DATA Step, Macro, Functions and more

Understanding sql count (*) as X, var1, var2, var3, and purpose of "group by".

Reply
Occasional Contributor
Posts: 16

Understanding sql count (*) as X, var1, var2, var3, and purpose of "group by".

I am trying to understand this code inherited from a coworker who is no longer here:

 

proc sql;
		create table mode_a_1 as
		select count(*) as num_obs, ndcnum, metqty, daysupp
		from collapse_drugs_2 (where=(daysupp^=.))
		group by ndcnum, daysupp, metqty
		order by ndcnum, metqty, num_obs desc;
	quit;

	proc means data=mode_a_1 noprint nway missing;
		class ndcnum num_obs metqty;
		var daysupp;
		output out=mode_a_2 (drop=_:) mean=;
		proc sort; by ndcnum metqty descending num_obs;
	run;

For context, collapse_drugs_2 is a dataset with drug claims. 

 

Questions: 

 

1. For the proc sql step, is this an accurate understanding of what the code is doing? 

 

Create a dataset called "mode_a_1" that is based off of all rows of collapse_drug_2 (where daysupp values are not missing), where we also create a new variable called "num_obs" that counts the number of observations for each unique combination of ndcnum, metqty, daysupp. 

 

Then order by ascending ndcnum, metqty, and then by descending num_obs. 

 

2. If the above is true, why is the "group by" line necessary? Isn't the combination of ndcnum, metqty, daysupp already specified in the select count (*) line? 

 

3. Why is the proc means step necessary?

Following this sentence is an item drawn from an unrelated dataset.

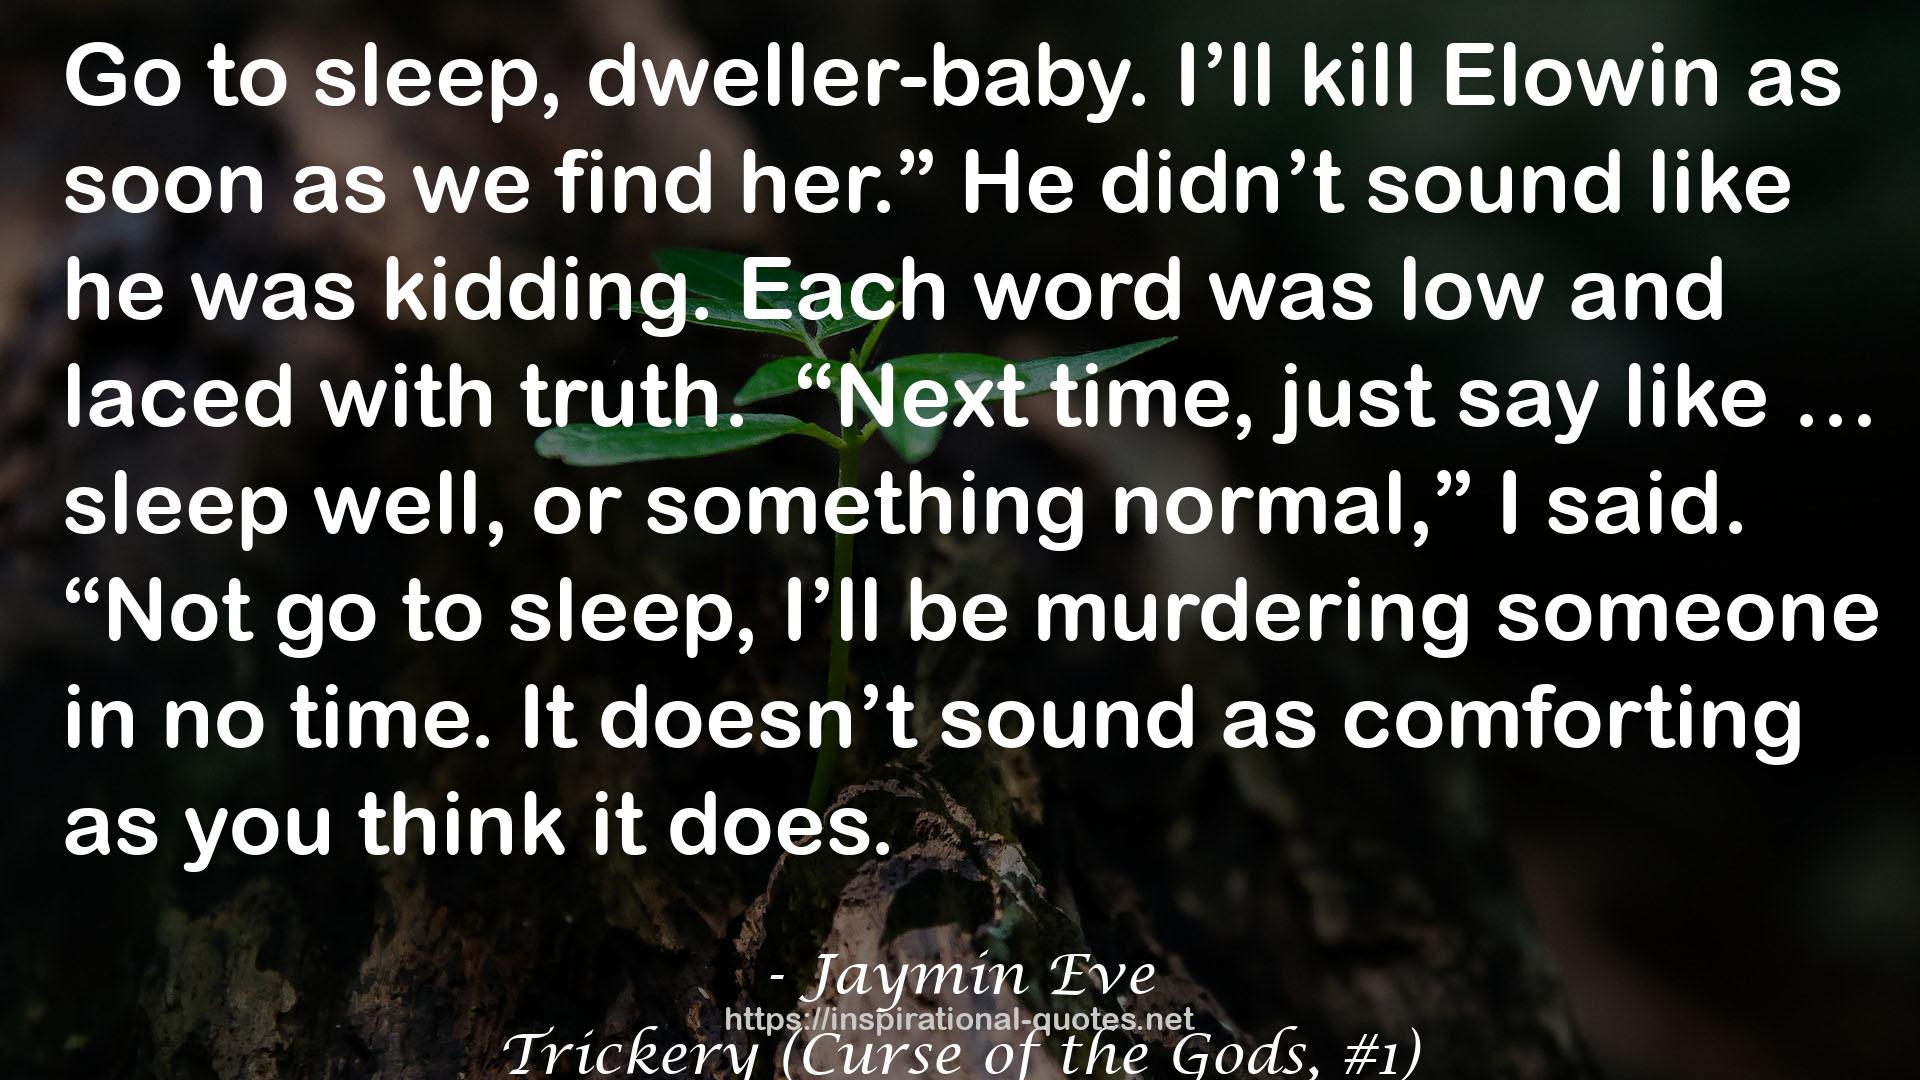 Trickery (Curse of the Gods, #1) QUOTES

Aren't all daysupp (and therefore mean of daysupp) for each ndcnum, num_obs, metsqty combination the same, because that's how we by definition organized the mode_a_1 dataset? Isn't mode_a_1 the same dataset as mode_a_2? 

 

Thanks, 

Trusted Advisor
Posts: 1,128

Re: Understanding sql count (*) as X, var1, var2, var3, and purpose of "group by".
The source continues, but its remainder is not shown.